Do you need to take English grammar lessons to learn English? No. Children learn a language with no formal lessons at all-- just by listening and then beginning to speak. If you are just beginning to study English, don’t start with grammar terms.
First listen to some basic conversations and learn some simple phrases. Listen and practice as much as you can. You will begin to understand the basics of English structure even without formal study.
Too much emphasis on grammar in the beginning may even make it harder to speak fluently. Thinking too much about what’s correct makes it more difficult to express your thoughts.
Instead, try to think in English. The best way to gain fluency and understanding is to listen a lot, read a lot, and speak freely. Don’t worry about perfect grammar.
As your English improves, you do need to understand how English works. How are thoughts expressed? How are sentences organized?
If you have never taken a class in English, you might start studying online by listening to some of the basic conversations in Randall's ESL Listening Lab or a website teaching English in your first language. (For Spanish-speakers, Pumarosa is very good.) When you can understand and speak enough for simple English conversations and reading, you may want to improve your comprehension and express yourself more clearly. Then some English grammar lessons might help you.
Some English expressions may not be clear or obvious, especially if they are expressed differently in your first language. For example, consider question 7 on the Quiz on our home page:
7. Four of the following five sentences mean basically the same thing, but the other does not. Which sentence means something different?
___A. Although I have spoken English all my life, I still am learning new words.
___B. I have spoken English my whole life, but I know only a fraction of the words in an English dictionary.
___C. Even if I had spoken English all my life, I still could learn new vocabulary.
___D. Even though I’ve spoken English for as long as I’ve lived, there are still words I don’t know.
___E. In spite of speaking English all my life, I continue to learn new words every year.
The difference should be obvious to most native speakers of English. Is it clear to you? (See below for explanation.)
When I thought about how to explain the difference, I realized I would need to teach some grammar terms. (I was trying to prepare students for advanced-level tests of thinking and judgment like the NCLEX or TOEFL.) Grammar explanations can help you understand the reasons behind confusing sentence structures.
To understand professional or academic tests, journals, or textbooks, you need to recognize distinctions like the difference between 'although'/'even though' and 'even if.' If you have doubts about these differences in meaning, see Complex Sentences. (You can also practice them with Adverb Clause and Complex Sentence Practice.)
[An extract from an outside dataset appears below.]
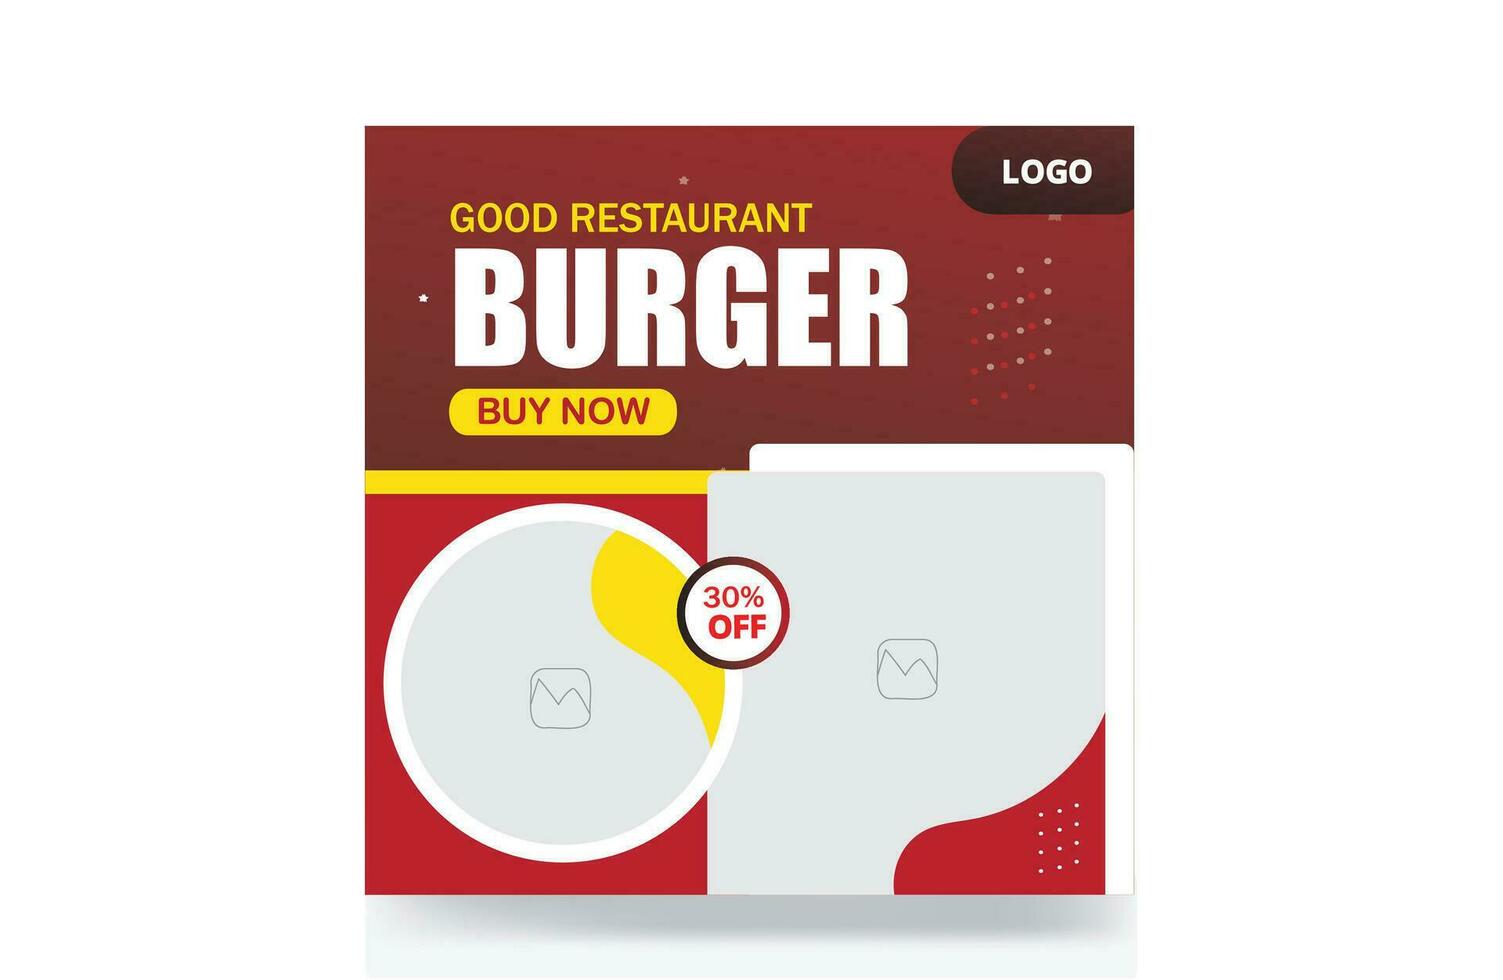 restaurant korting voedsel menu hamburger pizza sociaal media post banier sjabloon vector

(Incidentally, sentence C is the different one. Sentences A, B,
D, and E all say that English is my native language. C is in the unreal
conditional tense. It says I have NOT always spoken English, but
considers how things might be if reality had been different.) For a short explanation of the unreal conditional tense, see the Modal Verbs section about 'would.'
Grammar is the structure of a language, the way words work together. In the English grammar lessons in this section, we will look at English Parts of Speech (nouns, verbs, adjectives, etc.), as well as English Nouns, English Pronouns, and English Verbs for more detail.
See English Sentence Structure, as well as Negative Sentences, Question Formation, Compound Sentences, and Complex Sentences, for ways to form sentences in English. Subject-verb Agreement gives a little practice with this grammar point that gives trouble even to some native speakers, but can help make your writing clearer.
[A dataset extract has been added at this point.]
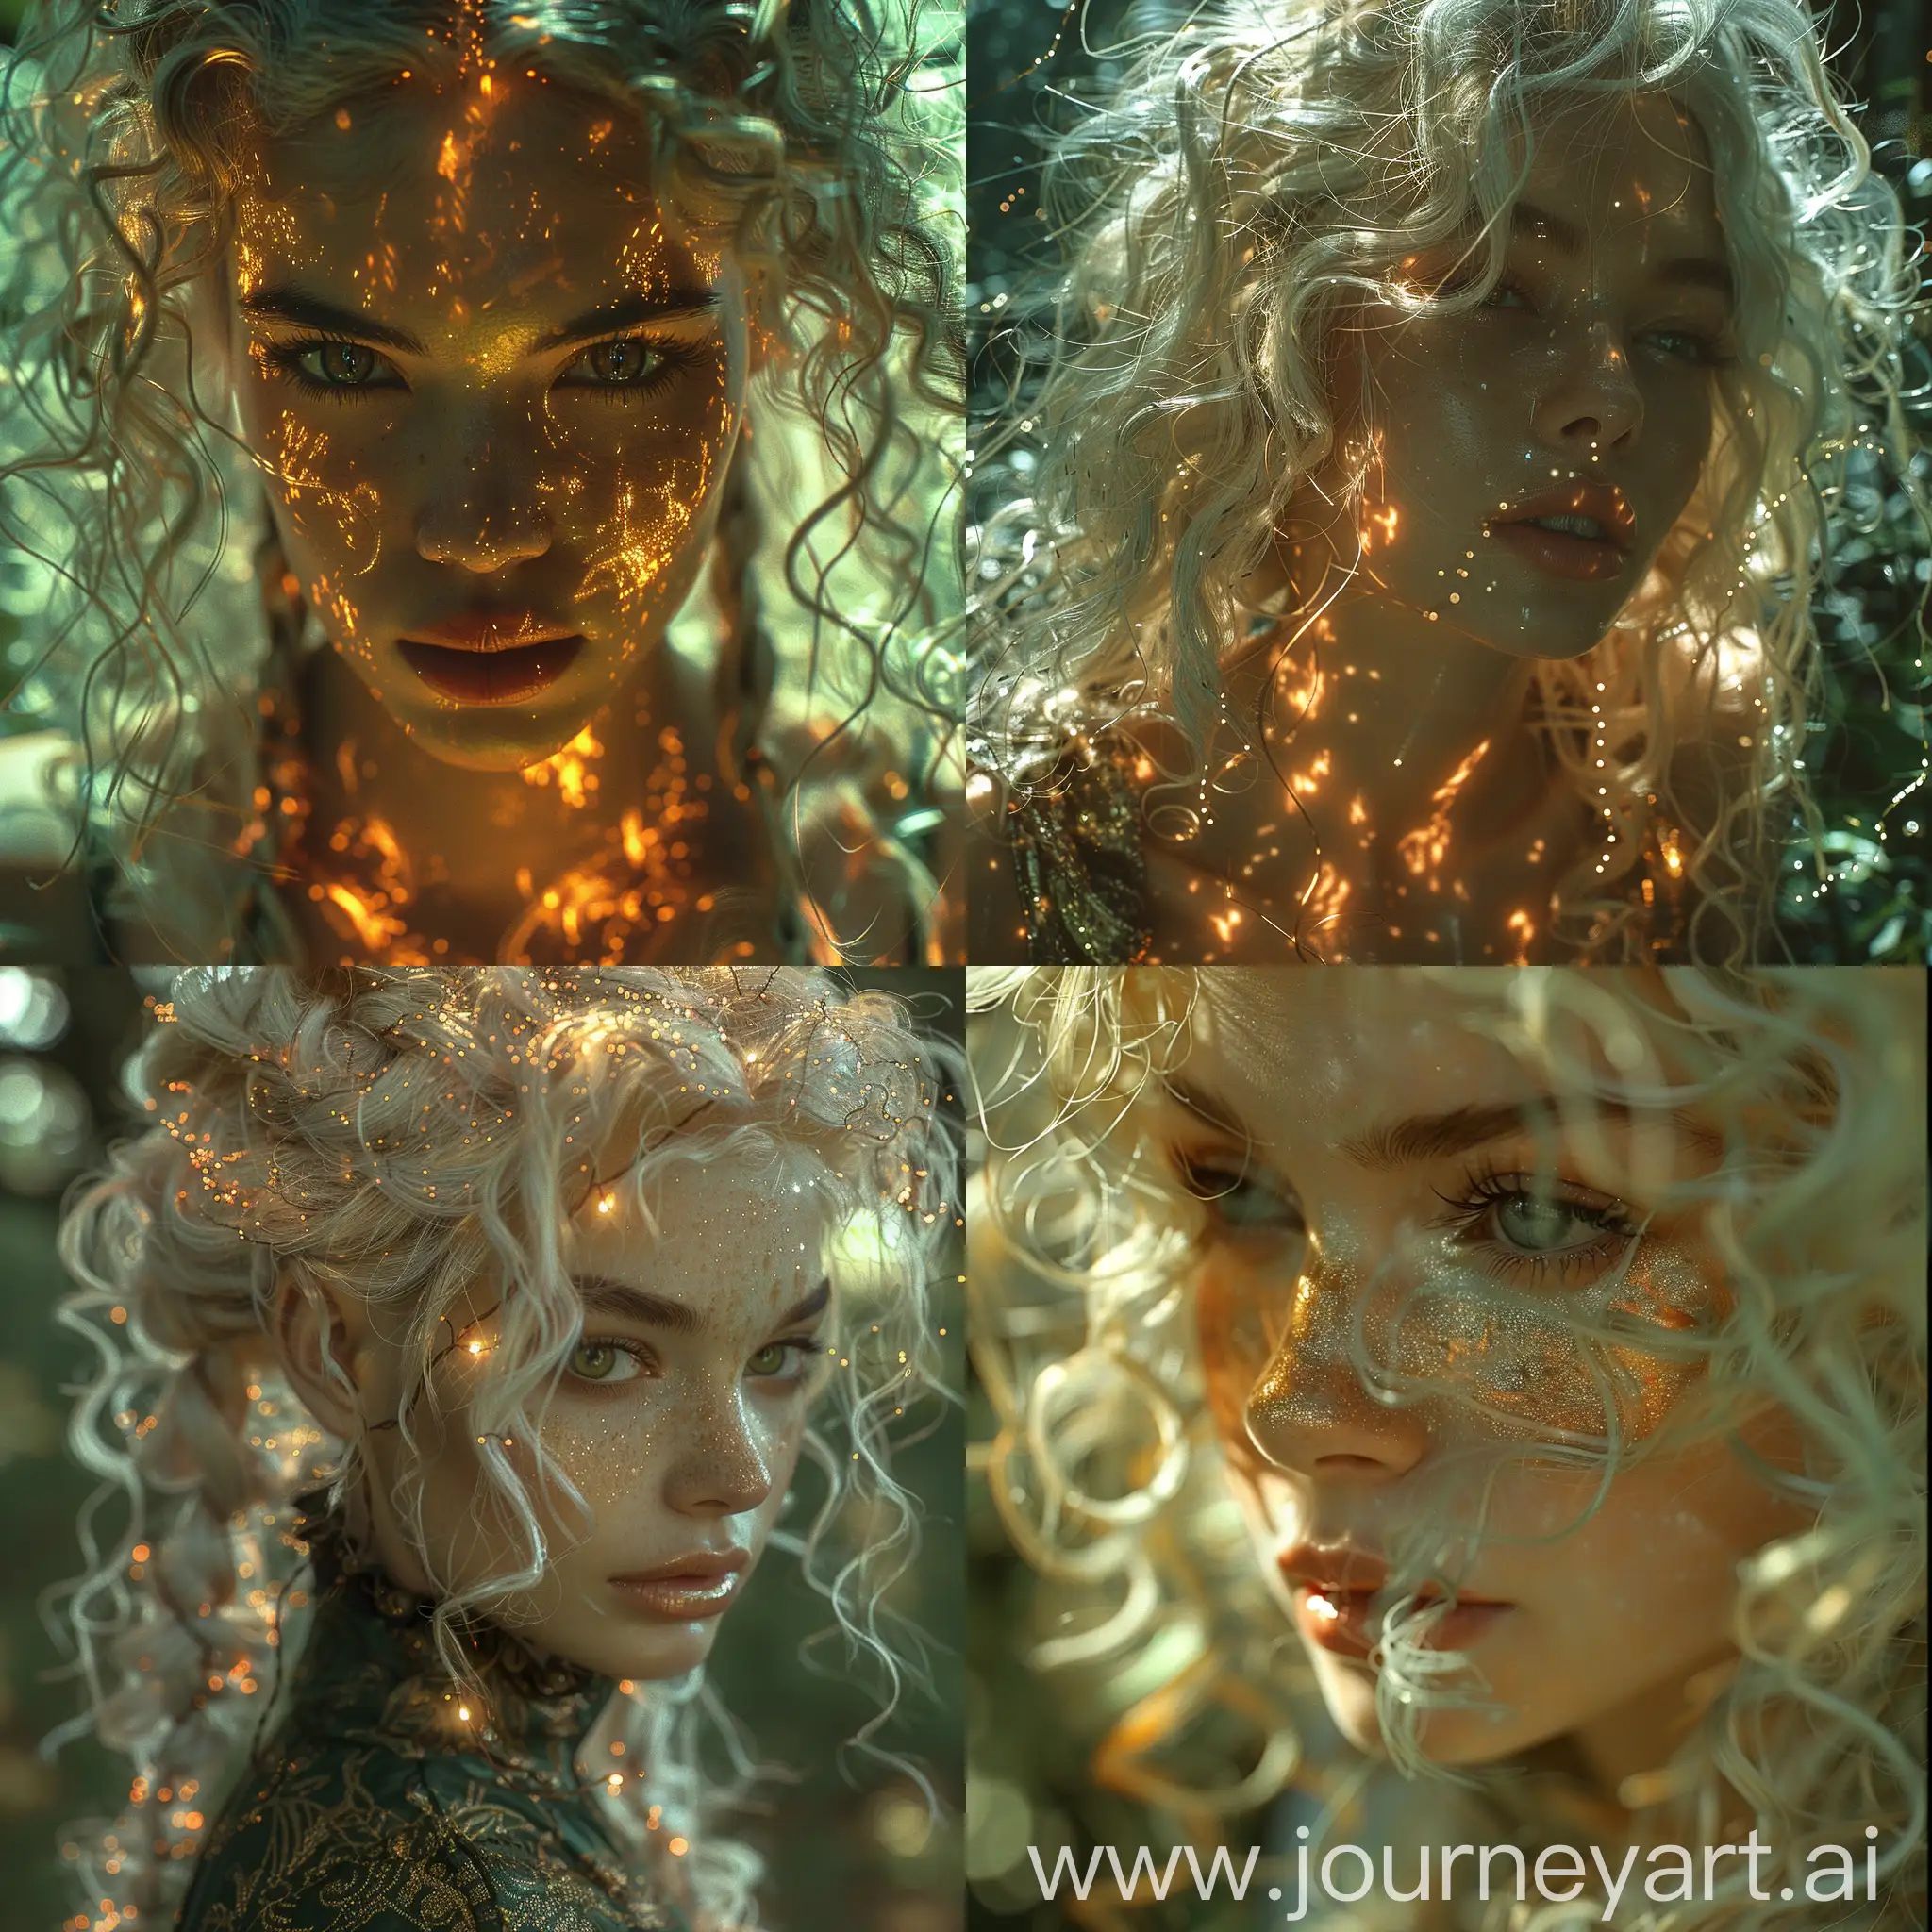 Fiery-WhiteHaired-Woman-in-Earthy-Forest-Light

Learning English verbs may seem challenging. There are so many related tenses and modal verbs, each changing the meaning of a sentence. There are also many irregular verbs in the past tense. The good news is that English verb conjugations are much simpler than many other languages.
For most verbs, you only need to learn five forms, and most of those are closely related: the base form (for the simple present tense, or add 'to' to form infinitives), the third person singular present, the present participle (for continuous tenses), the simple past, and the past participle (for the perfect tenses.) All the tenses and moods are formed using these five forms and various helping (auxiliary) verbs.
Thus, for example, the five forms of the verb to live are:
live, lives, living, lived, and lived.
For the verb to do :
do, does, doing, did, done.
The verb to be is the most useful and most difficult. (Note that its infinitive (and what you might call its base form, 'be,' is not the same as its present tense plural form.) It is the only English verb with three forms in the present:
(I) am, (you, we, or they) are, and (he, she, or it) is (3rd person singular.)
'To be' has two forms in the past, unlike any other English verb:
(I, he, she, or it) was,
and (you, we, or they) were.
The present and past participles of ‘to be’ are simple: being and been.
For more information on the present, past, and future of verbs, see English Verb Tenses. (The present and past participles can also sometimes be used as nouns or adjectives. English parts of speech can be very flexible!)
To practice with verbs (as well as other grammar) see Grammar Practice and Worksheets. For Modal Verbs, see Modal Verbs, Modals Practice, Using Helping Verbs to Give Advice, and Practice Giving Advice.
Don't get discouraged! With a little practice (and a lot of listening and reading), English grammar will begin to feel natural to you.